Очнувшись, Тамралипта никак не мог осознать окружающее, ощутить себя живым. Сначала ему показалось, что он потерял все пять чувств, но вскоре убедился, что осязание, во всяком случае, сохранилось. Хриплые отрывистые звуки собственной речи убедили его в том, что он слышит, запах сырой глины показал, что есть и обоняние. Но зрение ничем не могло доказать своего существования — настолько глубок был мрак в подземной темнице. Художник принялся обследовать камеру. Потребовалось немало времени, чтобы определить форму камеры — лежащее яйцо с тщательно выглаженными стенами. В центре углубления был сток — узкий колодец, пробитый на неизвестную глубину. По-видимому, с другой, верхней стороны яйца, существовала вентиляционная труба, потому что воздух в камере был достаточно свеж и лишен запаха. Где-то во мраке он натолкнулся на новую циновку и долго ползал по полу, пока не нашел место, где было можно лежать, не скатываясь к центру. По запаху глины Тамралипта отыскал отверстие для пищи и на первый раз пролил почти всю воду и половину жидкой каши из цзамбы, пока втаскивал внутрь через изогнутый проход чашку и низкий медный чайник. Прежде чем поставить посуду обратно на полку, художник проделал несколько упражнений, пока не научился проносить сосуды без наклона. Никогда еще он не обходился столь малым количеством предметов и пищи — циновка была его единственной вещью, а маленький кувшин воды и чашка жидкой каши составляли весь суточный рацион. Вспышки животного страха повторялись не раз, но Тамралипта научился справляться с ними, и они становились все короче и короче. Другим мучением художника сделались звуковые галлюцинации. То он просыпался и вскакивал в надежде и тревоге, услышав в полузабытьи чьи-то голоса. То окликали из мрака самые разные люди его прошлого, то чудились отдаленные призывы о помощи, казалось, проникавшие в толщу каменных стен, и он прислушивался к ним в дикой тревоге, что монастырь горит, и он будет погребен под пеплом пожарища. В конце концов его измучила музыка, звучавшая тихими песнями или перебором струн вины из отдаленного конца темницы. Постепенно музыка становилась все громче — целый оркестр играл где-то вверху под сводом подземелья, не давая узнику ни минуты покоя. Музыка прекращалась, когда художник кричал что-нибудь, говорил или принимался петь. Но странен был звук собственного голоса, и он становился все более странным по мере того, как шло время в этой абсолютной тишине и мраке.

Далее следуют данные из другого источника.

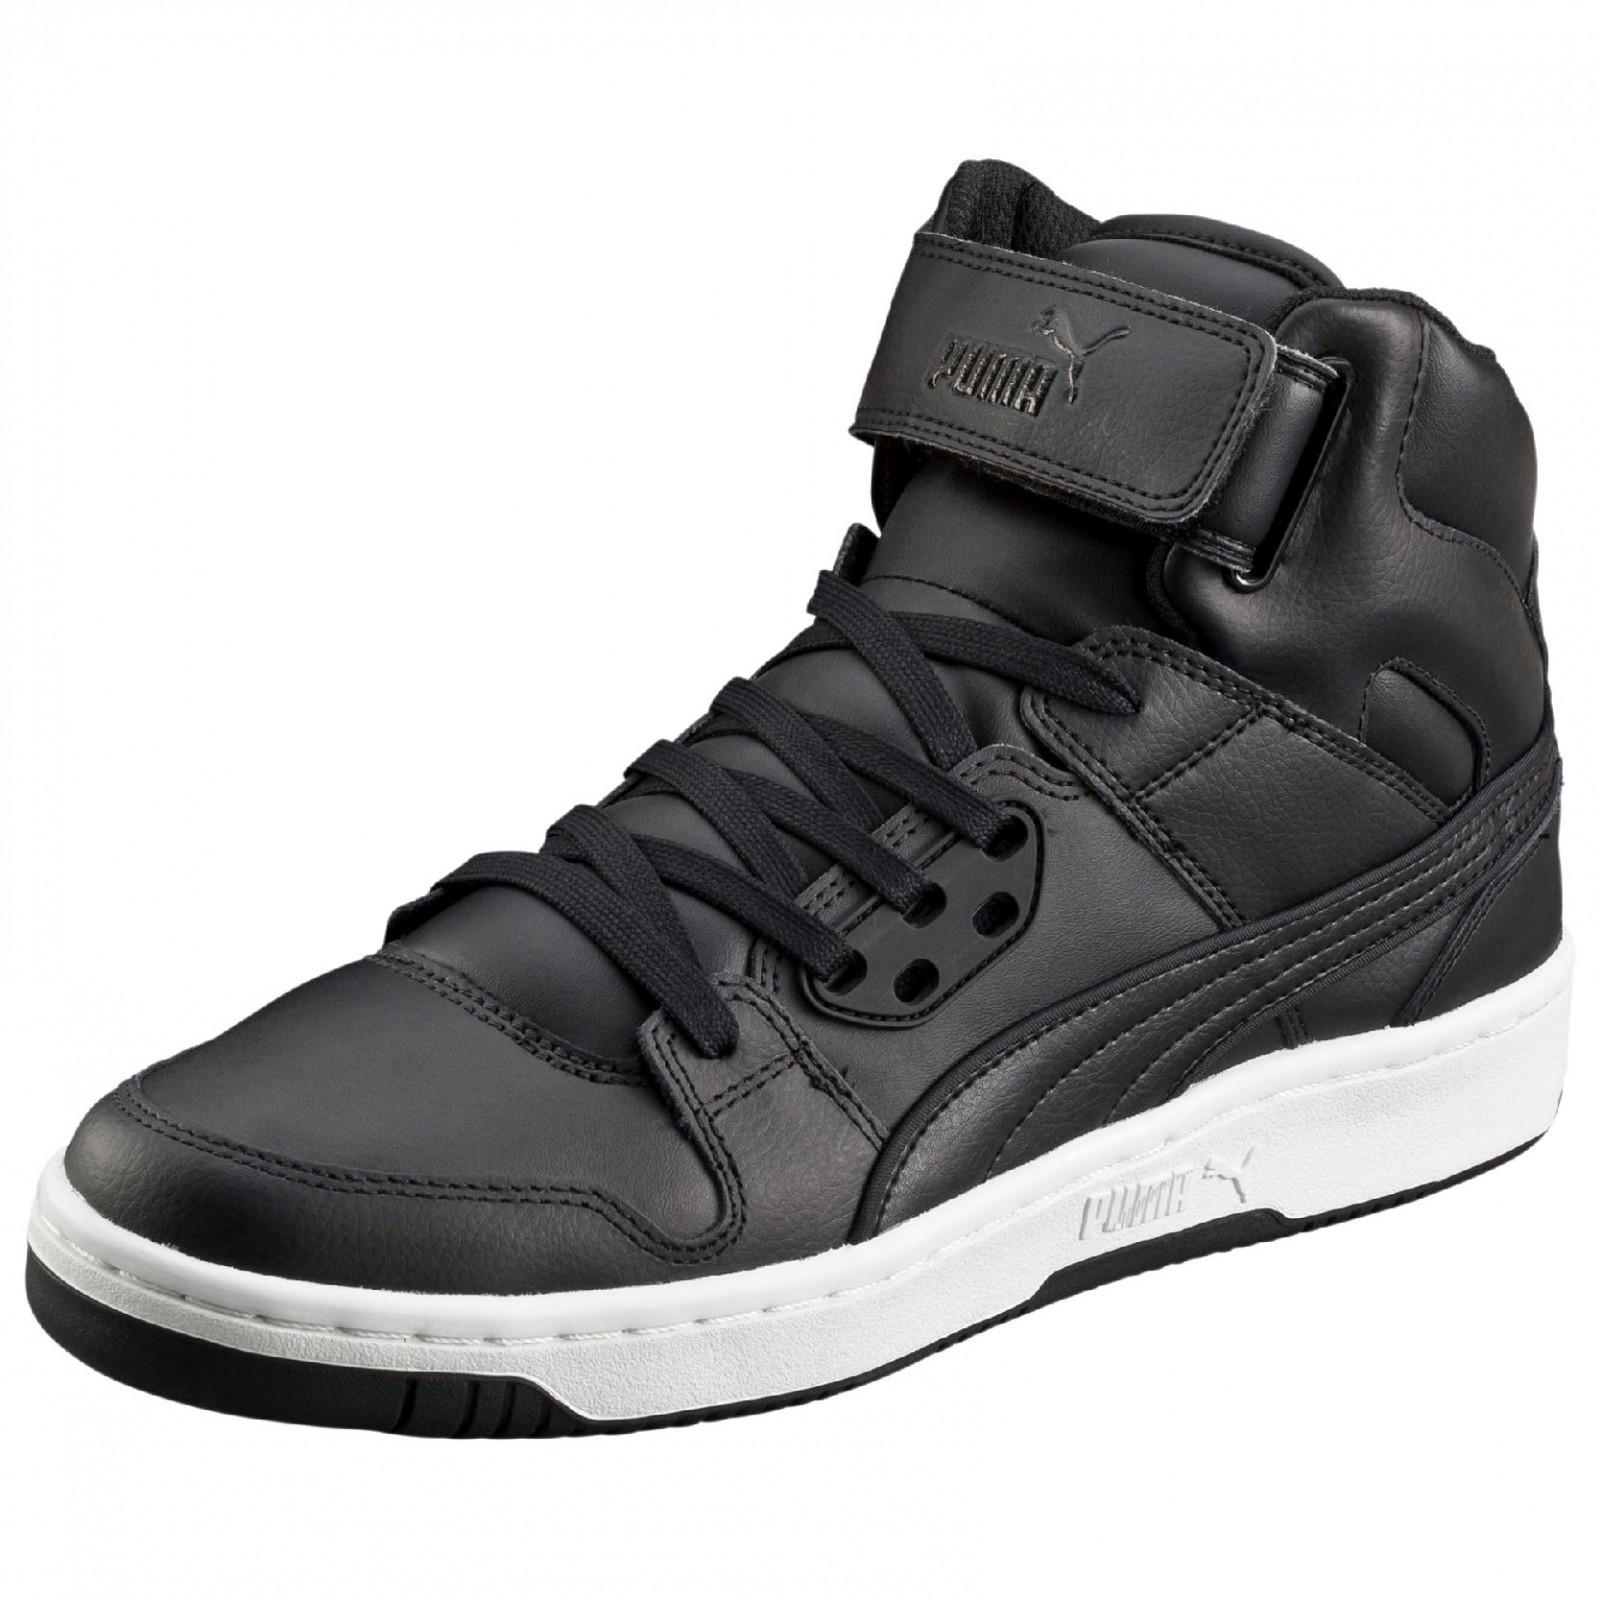 Dámské boty Puma Rebound Street L black-bl 9fec9425f1

Тамралипта перестал говорить с самим собой, а потом как-то незаметно и прекратились слуховые галлюцинации. Художник стал понимать смысл жестокого заключения — человек постепенно избавлялся от всех ощущений, наполнявших его ум. Очищался от всего, что мешало отойти от суетной жизни, чтобы чистая, как лучшее зеркало, душа могла отразить всю безмерную глубину космоса. Но душа Тамралипты не могла избавиться от образов памяти, возникавших во внутреннем зрении и становившихся все ярче по мере того, как уходили призраки страхов, телесных ощущений и звуков. Вместе с яркими зрительными видениями все тревоги и надежды продолжали жить в душе художника — вот почему были нужны годы заключения во тьме, ведь душа очищалась от этих столь могучих чувств… Самое большое место в видениях Тамралипты занимали образы Парамрати, а среди них — Тиллоттама.
Тиллоттама мечтательная, озаренная рассветом перед статуей якшини, серьезная в танце во время храмовых обрядов, с гордостью и страданием выпрямившаяся у колонны на грани наступающей ночи…
Мрачные колонны уходят в темную высоту, между ними — сумеречный свет, а в середине косой столб падающих из аркады лучей. Заунывна и печальна песня индийских скрипок — саранги и саринды начинают отрывистыми вскриками, в которые вплетаются звенящие струны ситара и вины…
Тамралипта не смотрит на других танцовщиц — он весь ушел в созерцание Тиллоттамы. А она отвечает лишь нэтрой, глазами, в которых печаль, радость и любовь… да, любовь!
Глаза ее, темные и глубокие, смотрят искоса, говорят: для тебя, милый, для тебя, моя радость.
Вот оркестр притих, только саринда и вина медленно чередуют нежные звуки. Прекрасная девадази ступает осторожно, пугливо, подняв руки, ладонями вперед, вровень с висками. Каждый шаг — на кончиках пальцев, легкая, звенящая серебряными колокольчиками поступь. Глаза прикрыты длинными ресницами. Тиллоттама изгибается, покачивая плечами из стороны в сторону…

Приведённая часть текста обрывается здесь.